Now you’re ready to make your first commit! You’ll notice the check mark on the left next to all your files. For your first commit, you’ll want to leave all of these checked (any file that isn’t checked will not be included in your commit). Type a short message like “first commit”, in the “Summary” box, and click “Commit to master”.

github blame view

Your screen should now look like this. Now that we’ve made our first commit, we will push/sync our data to GitHub. Since we haven’t created a place for our repository on GitHub yet, we need to click on Publish, at the top right of the screen.

github blame view

Type in a name and click “Publish”. Note that once you do this anybody will be able to see the files in your project. It’s unlikely anybody will care, but if you have code or data you’d like to keep private, you’ll have to upgrade your GitHub account or “Ignore” the file in the GitHub Desktop app. This is mostly not a problem, generally having your development history is more valuable than anybody wanting to steal your data/code.

github blame view

Now that you’ve created a place for your repository on GitHub, your screen should look like this. Note that “Publish” has now become Sync.

github blame view

It’s worth checking out how your repository looks on the web now, since you can now access it through the GitHub website. Go to github.com or Right click your repository and choose “View On GitHub”, and you should end up with something like this:

github blame view

If all your files are there you’ve done it right! Your precious code is now backed up for all eternity (well, as long as GitHub is a business, which will probably be a long time). Now that everything is setup, let’s go through another round of work on your project, commit your changes, and sync to GitHub. Open up your project in RStudio and edit one of your files, then hop back to the GitHub Desktop App and go to the “Uncommitted Changes” tab. I added a comment in one of my files, and when I opened up the GitHub Desktop app it looked like this.

github blame view

Now we have to commit the changes we made. Type a message describing the changes you made (and do try to be descriptive, things like “update project” are not helpful when you’re looking back through your history). Click “Commit to master” to commit your changes!

github blame view

Then click Sync to upload your changes to GitHub. Now your changes are backed up! I always do this when I do something coding that I really don’t want to do again (I think I already mentioned the time I lost a whole day of coding and almost cried). Try the work on your project, commit your changes, and sync to GitHub cycle a few more times just to get the hang of it, once things are setup it’s pretty easy.

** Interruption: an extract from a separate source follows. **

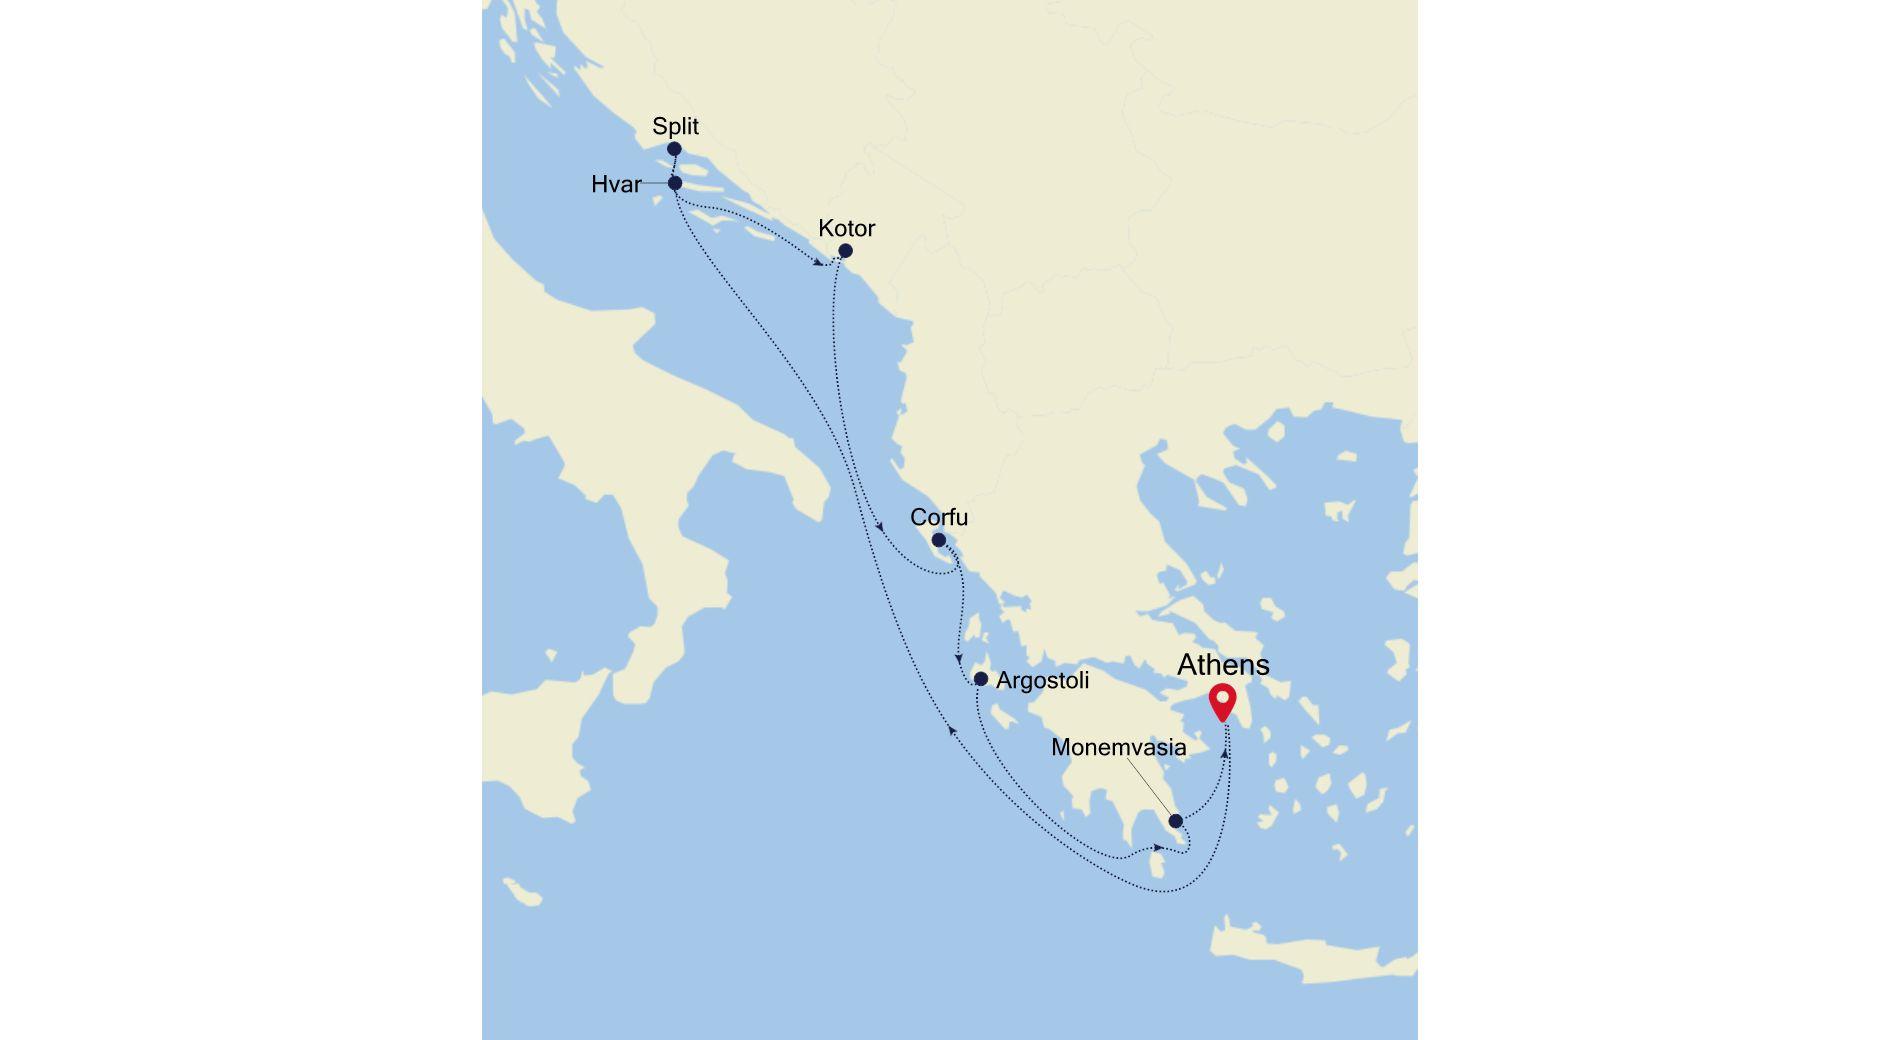 SS200514009 - Venice nach Piraeus

We’re almost done, but the one more thing I’d like to mention is that support for Git is built in to RStudio itself! This tutorial uses the GitHub app because it’s very user friendly, but for projects that I work on primarily in RStudio it’s very convenient to do my committing and pushing from within RStudio itself without having to bother with the GitHub Desktop app. For this, I’ll refer you to Hadley Wickam’s tutorial on the subject.

We’ve only scratched the surface with regard to what Git can do, but probably 95% of the time all I do with Git is work, commmit, and sync just to keep my code and data backed up somewhere that won’t disappear if my computer dies. For all sorts of tutorials on how to use the app for collaboration with others and contributing to open source projects, check out the GitHub help page.